MECQ - Multiple Error Correction and Quality Trimming ToolΒΆ

The purpose of this step is to try to improve the input datasets. The user can select from a number of seperate tools can be executed on one or more of the input datasets provided. The user can also request whether or not the tools should be run linearly or in parallel.

Attempting to improve the dataset is a slightly controversial topic. Although, it is true that having good quality data is critical to creating a good assembly, then benefits from trimming and correcting input data are debatable. It is certainly true that error correction tools in particular can boost assembly contiguity, however this can occasionally come at the expense of missassemblies. In addition, trimming reads can alter the kmer-coverage statistics for the dataset and in turn confuse assemblers into making incorrect choices.

It is also worth noting that some assemblers perform their own error correction, for example, ALLPATHS-LG. Meaning that additional error correction via tools such as quake would not be significantly beneficial. It is a complicated topic and the decision to quality trim and error correct reads is left to the user. RAMPART makes it simpler to incorperate this data into the assembly pipeline. The authors advice is to learn the tools well, understand how they work, understand your data and how read pre-processing might benefit or detract from the final assemblies. Finally, RAMPART offers a suitable platform for testing these combinations out, so if you have the time and computational resources, it might be worth experimenting with different permutations.

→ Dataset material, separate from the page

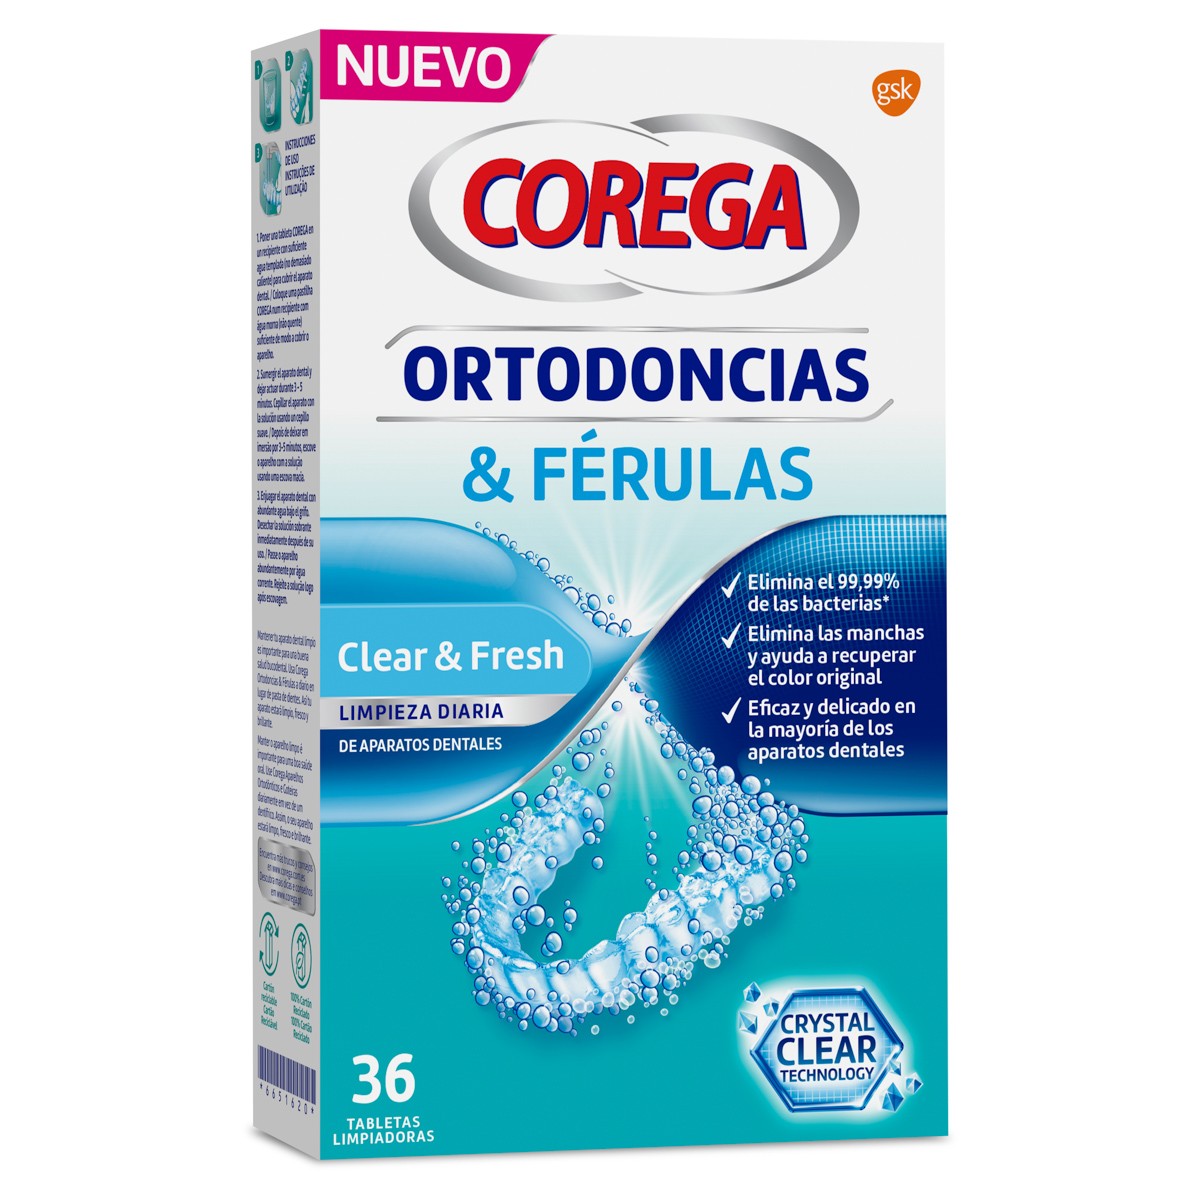 Corega ortodoncias 36 tabletas
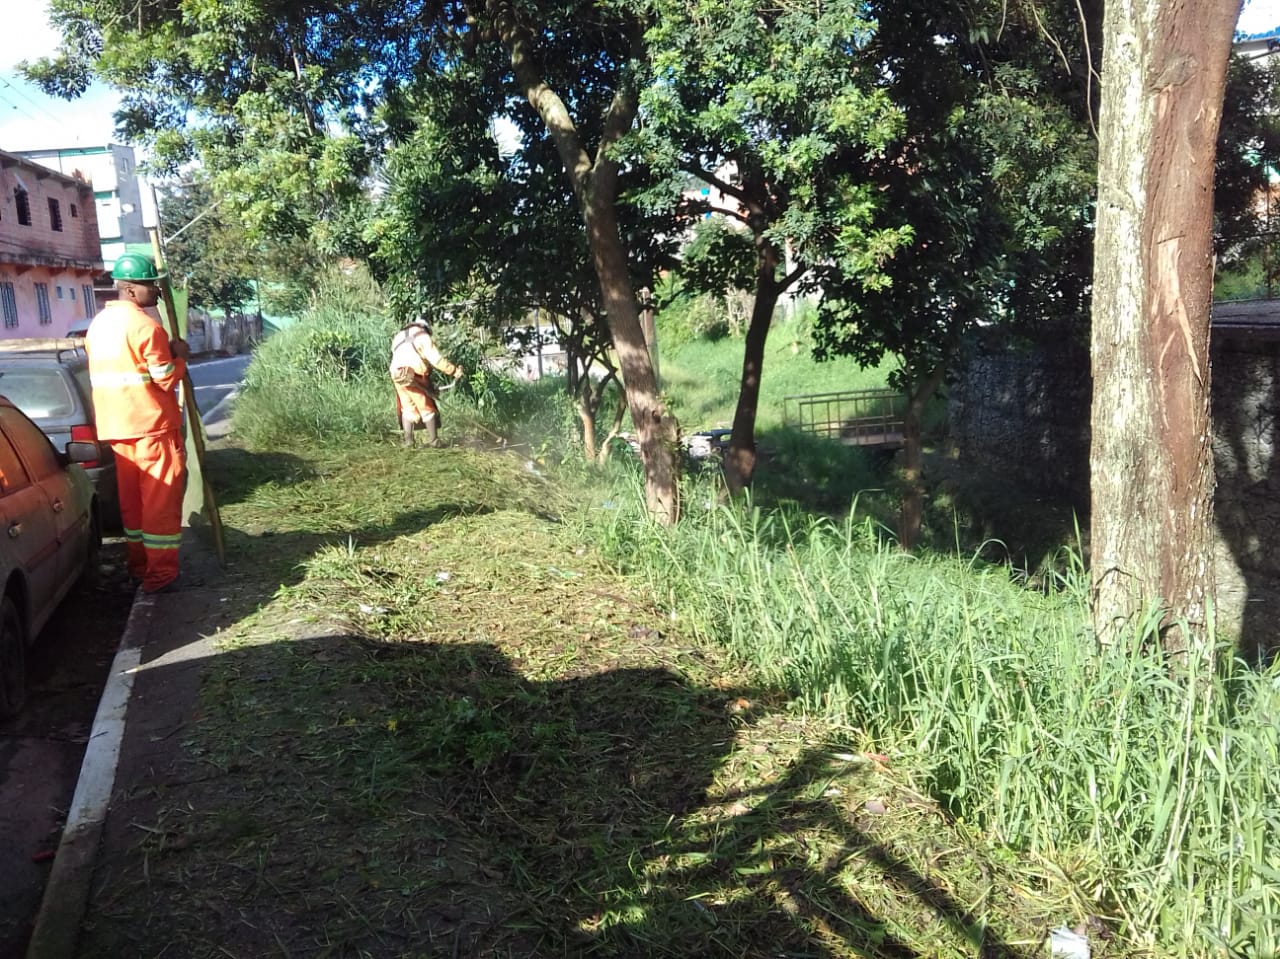 #PraCegoVer - Trabalhadores da Subprefeitura cortam grama e mato à beira de córrego. Há árvores no local.

Whilst new tools will be added as and when the are needed, currently MECQ supports the following tools:

  • Sickle V1.1
  • Quake V0.3
  • Musket V1.0

An example XML snippet demonstrating how to run two different tools in parallel, one on two datasets, the other on a single dataset:

<mecq parallel="false">
   <ecq name="sickle_agressive" tool="SICKLE_V1.1" min_len="70" min_qual="20"
   <ecq name="quake" tool="QUAKE_V0.3.4" min_len="70" kmer="25" libs="lib1896-pe1"
        threads="4" memory="2000"/>

MECQ produces output in the mecq directory produced in the specified job output directory. The directory will contain sub-directories relating to each ecq element described in the XML snippet, then further sub-directories relating to the specified libraries used for that ecq. The next steps in the pipeline (KMER and MASS) know how to read this directory structure to get their input automatically.